Print the lines below from the line with "Наклейка asus. Наклейка" to the line with "BIELLA Agenda Rex" exactly, keeping both ends, and print no pictures.

BEGIN TASK DATA

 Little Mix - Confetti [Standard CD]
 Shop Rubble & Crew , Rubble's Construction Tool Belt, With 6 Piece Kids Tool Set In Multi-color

END TASK DATA
BEGIN TASK DATA

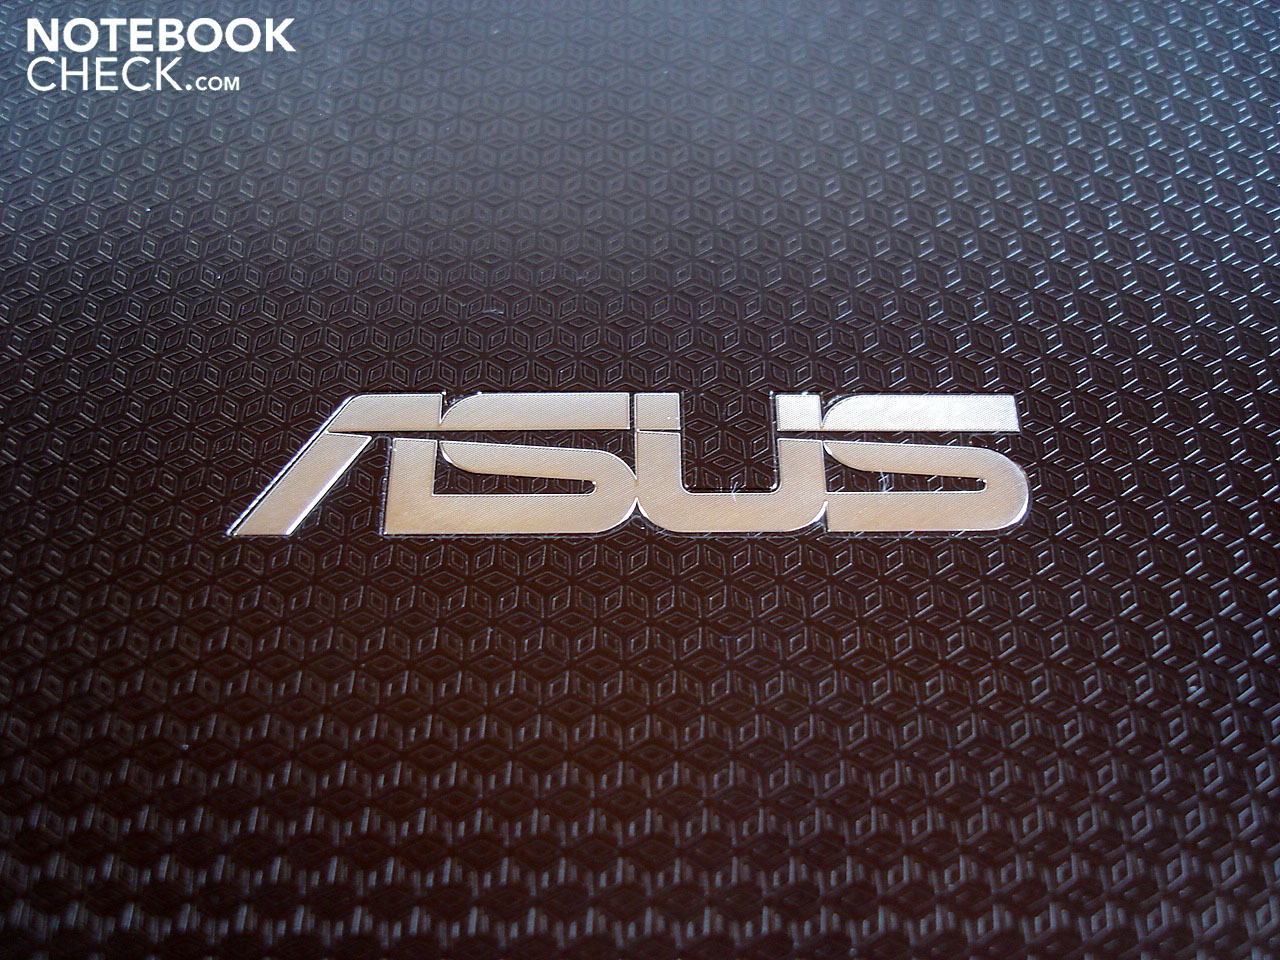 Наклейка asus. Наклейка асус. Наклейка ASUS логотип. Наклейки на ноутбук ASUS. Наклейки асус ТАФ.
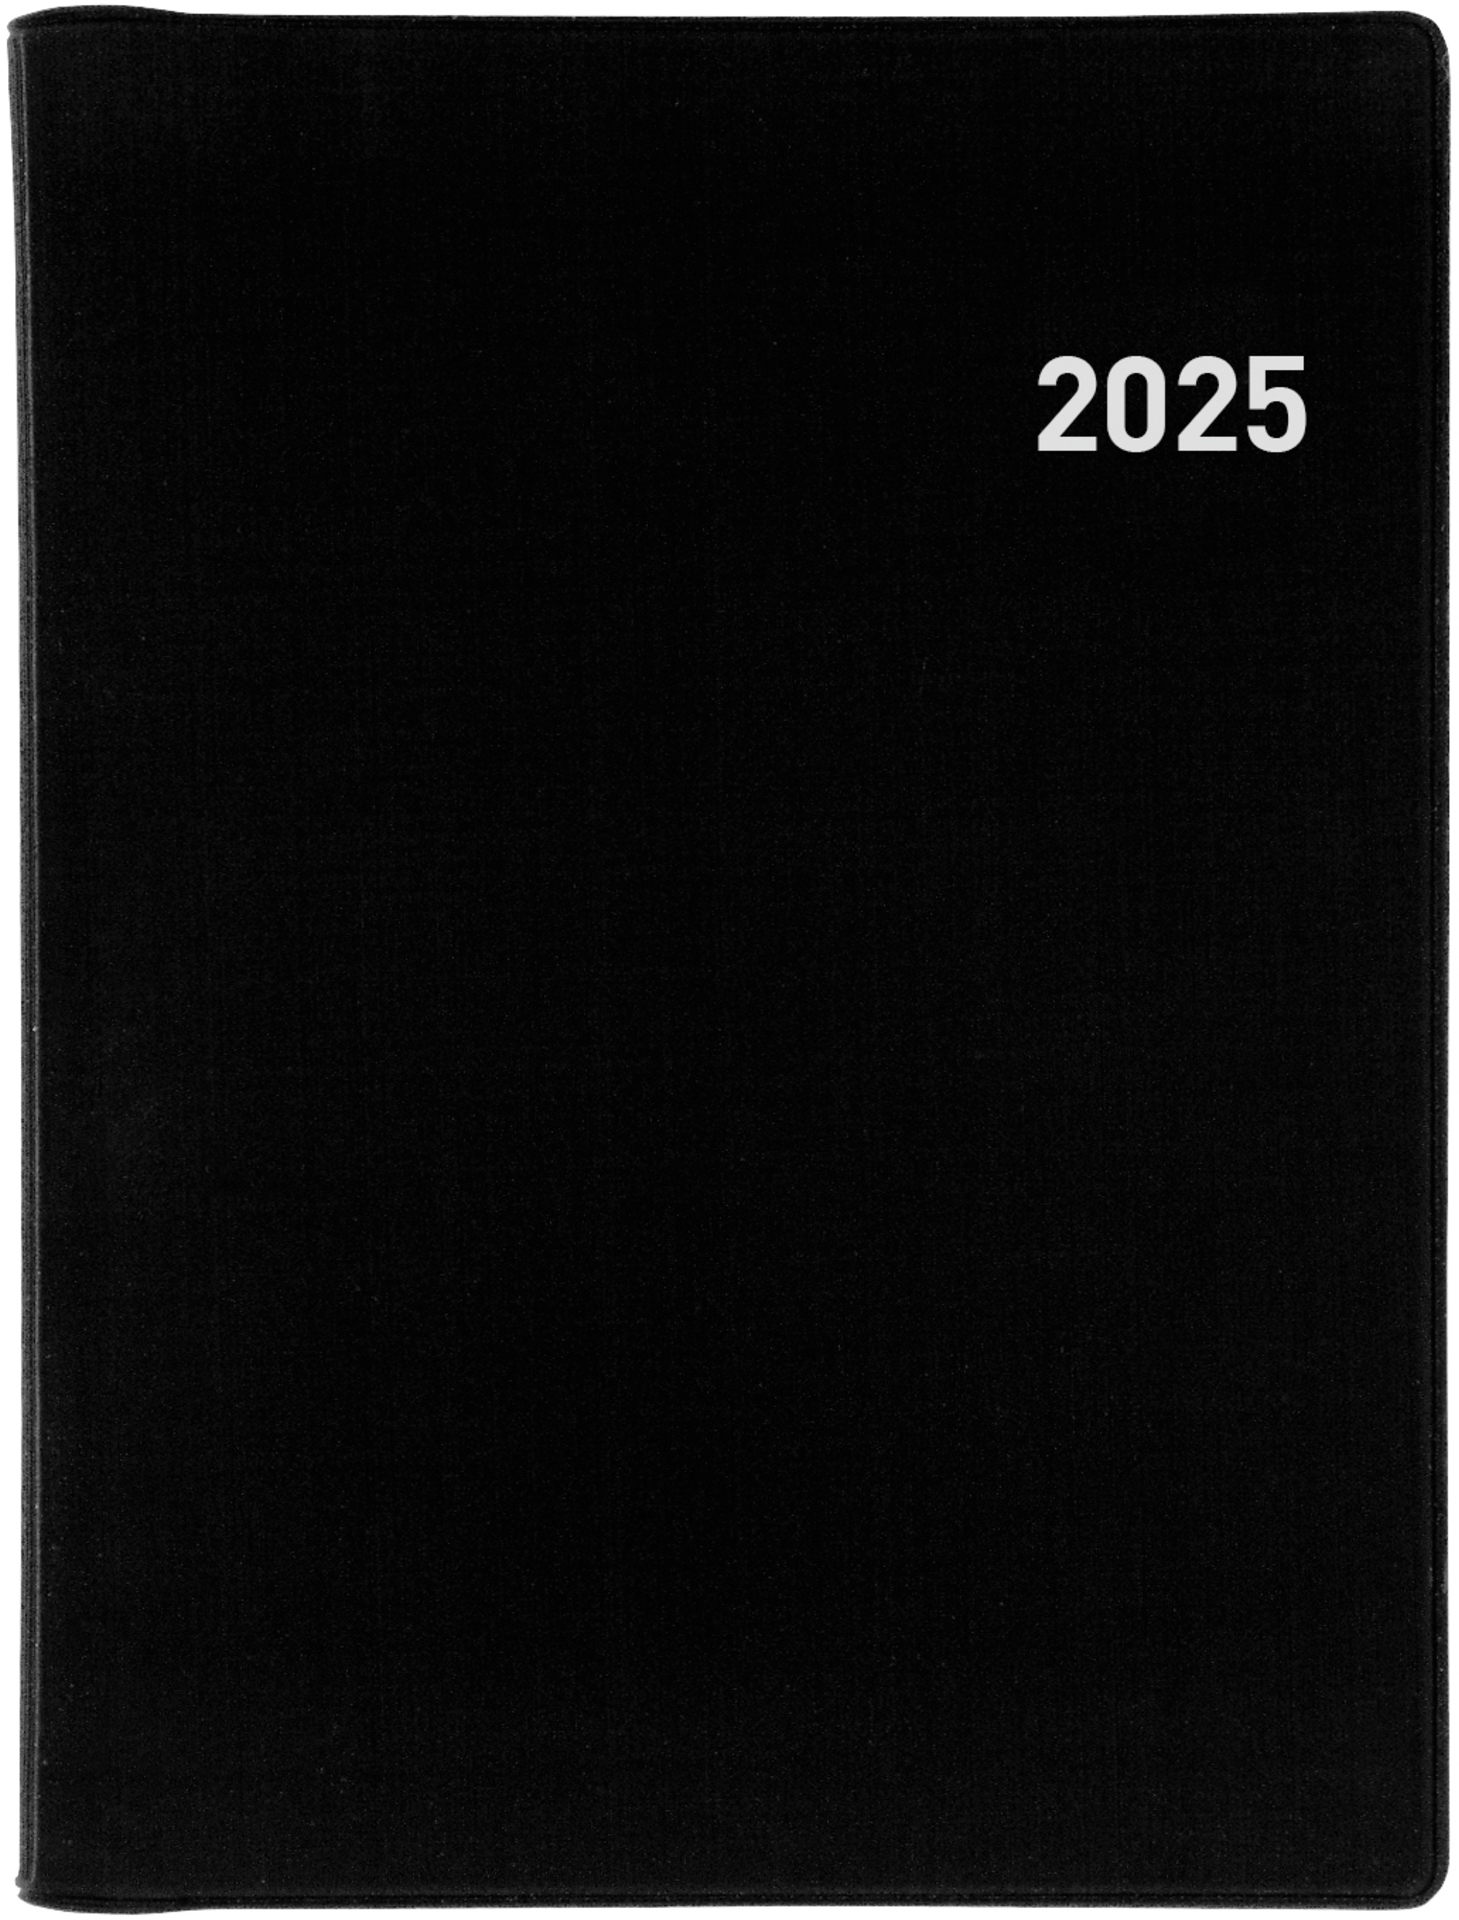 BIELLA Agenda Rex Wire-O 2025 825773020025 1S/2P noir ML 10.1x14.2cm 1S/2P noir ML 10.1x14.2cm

END TASK DATA

RESULT OF THIS TASK
 Наклейка asus. Наклейка асус. Наклейка ASUS логотип. Наклейки на ноутбук ASUS. Наклейки асус ТАФ.
 BIELLA Agenda Rex Wire-O 2025 825773020025 1S/2P noir ML 10.1x14.2cm 1S/2P noir ML 10.1x14.2cm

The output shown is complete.